If this cost is affordable on a daily basis, then do a scrub daily. If it's only affordable less often, then do it less often.

(Whatever the case: It's not like a scrub causes any harm to the hardware or the data. It can run as frequently as you elect to tolerate.)

[-]

agapon 3 hours ago

With HDDs, it's also mechanical wear and increased chance of a failure. SSDs are not fully immune to increased load either.

[-]

ssl-3 3 hours ago

Is there any evidence that suggests that reading from a hard drive (instead of it just spinning idle) increases physical wear in any meaningful way? Likewise, is there any evidence of this for solid-state storage?

[-]

rcxdude an hour ago

Yes. Hard drives have published "Annualized Workload Rate" ratings, which are in TB/year, and the manufacturers state there is no difference between reads and writes for the purpose of this rating.

(https://www.toshiba-storage.com/trends-technology/mttf-what-...)

For SSDs, writes matter a lot more.
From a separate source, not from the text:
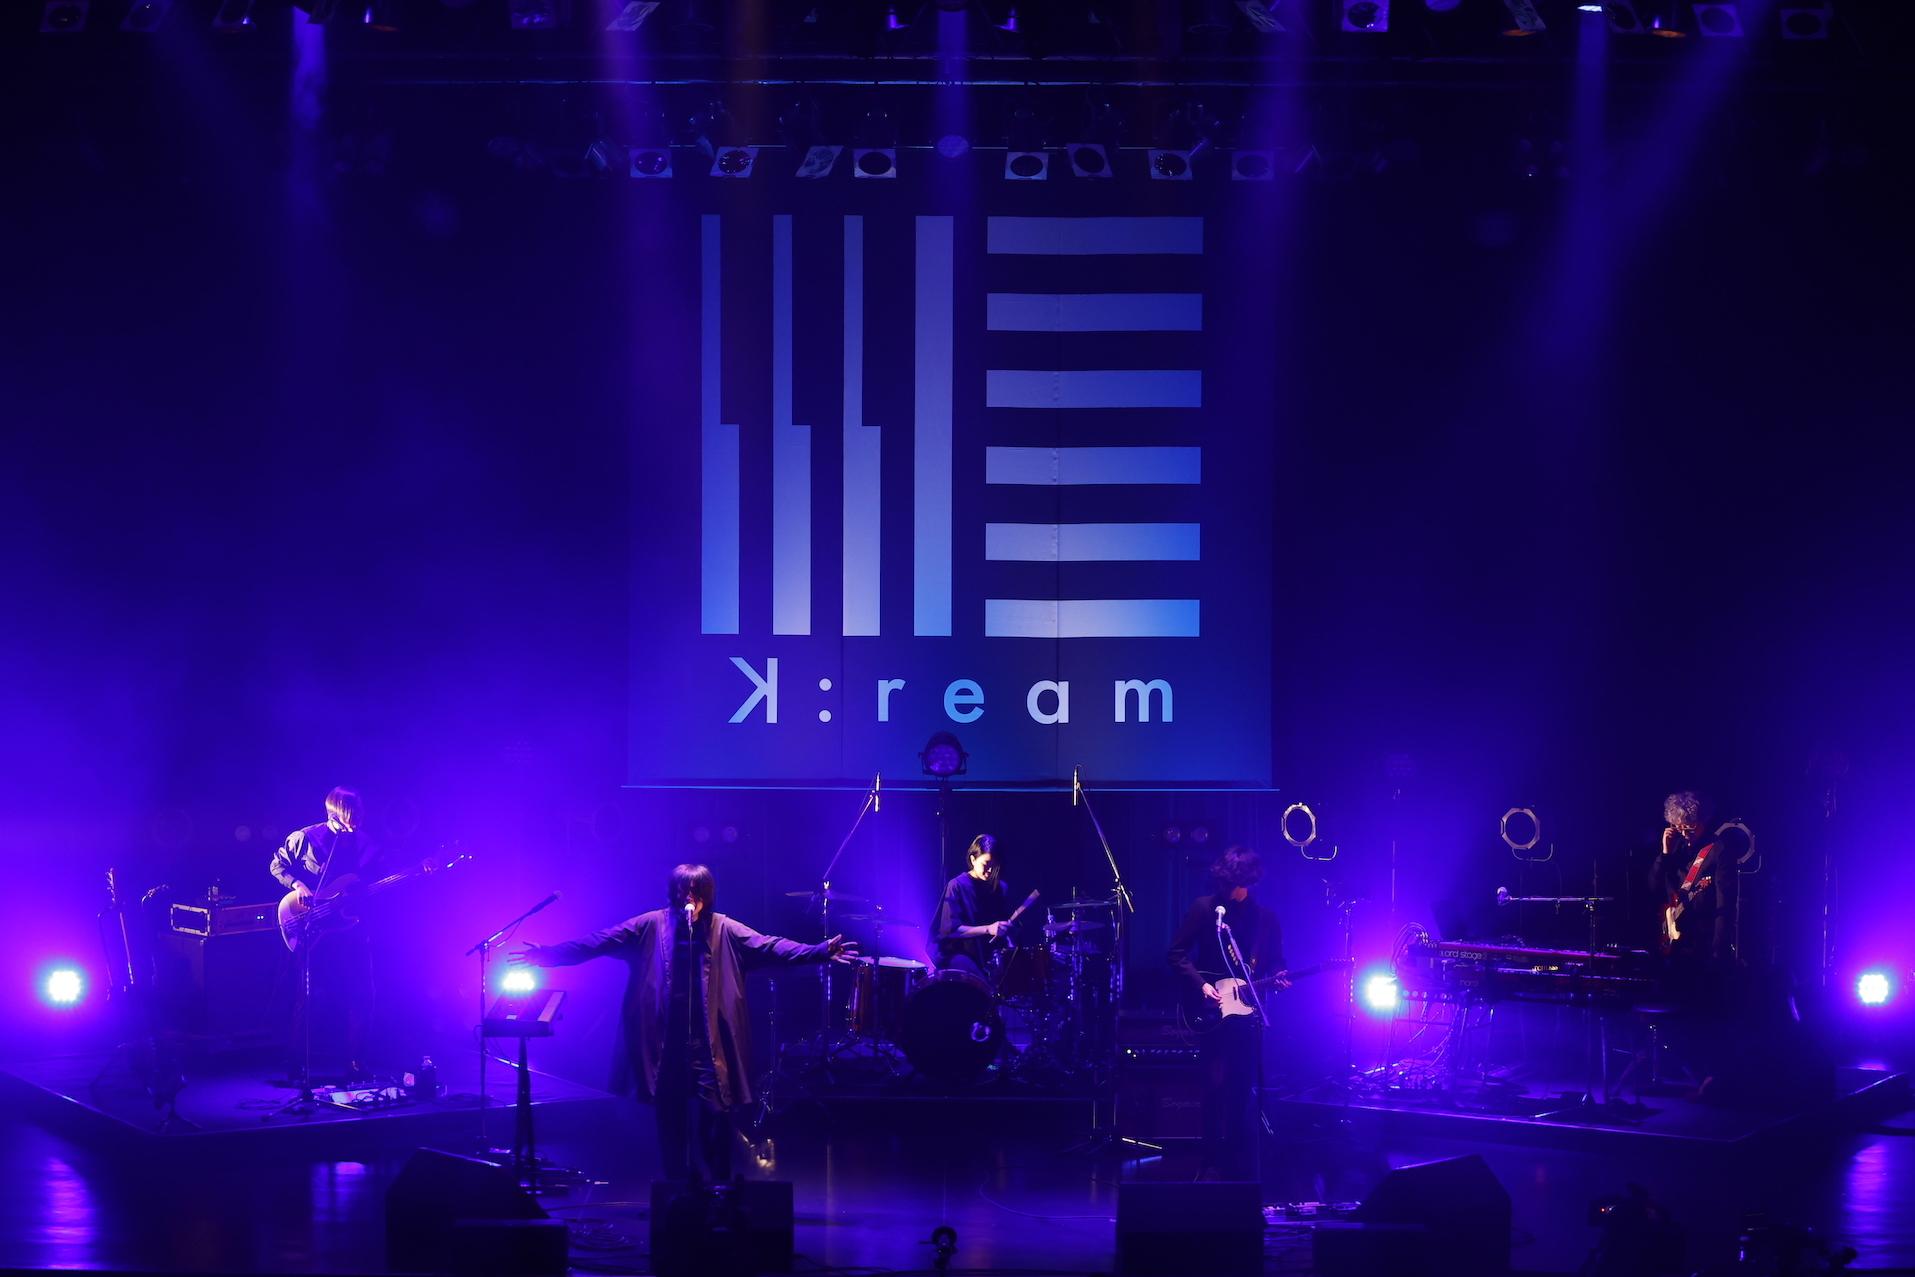 K:ream

Reads may increase the temperature of the drive, so they'll have some effect, but I don't think I've seen a read endurance rating for an SSD.

nubinetwork 6 hours ago

Total pool size and speed. Less data scrubs faster, as do faster disks or disk topology (a 3 way stripe of nvme will scrub faster than a single sata ssd)

For what its worth, I scrub daily mostly because I can. It's completely overkill, but if it only takes half an hour, then it can run in the middle of the night while I'm sleeping.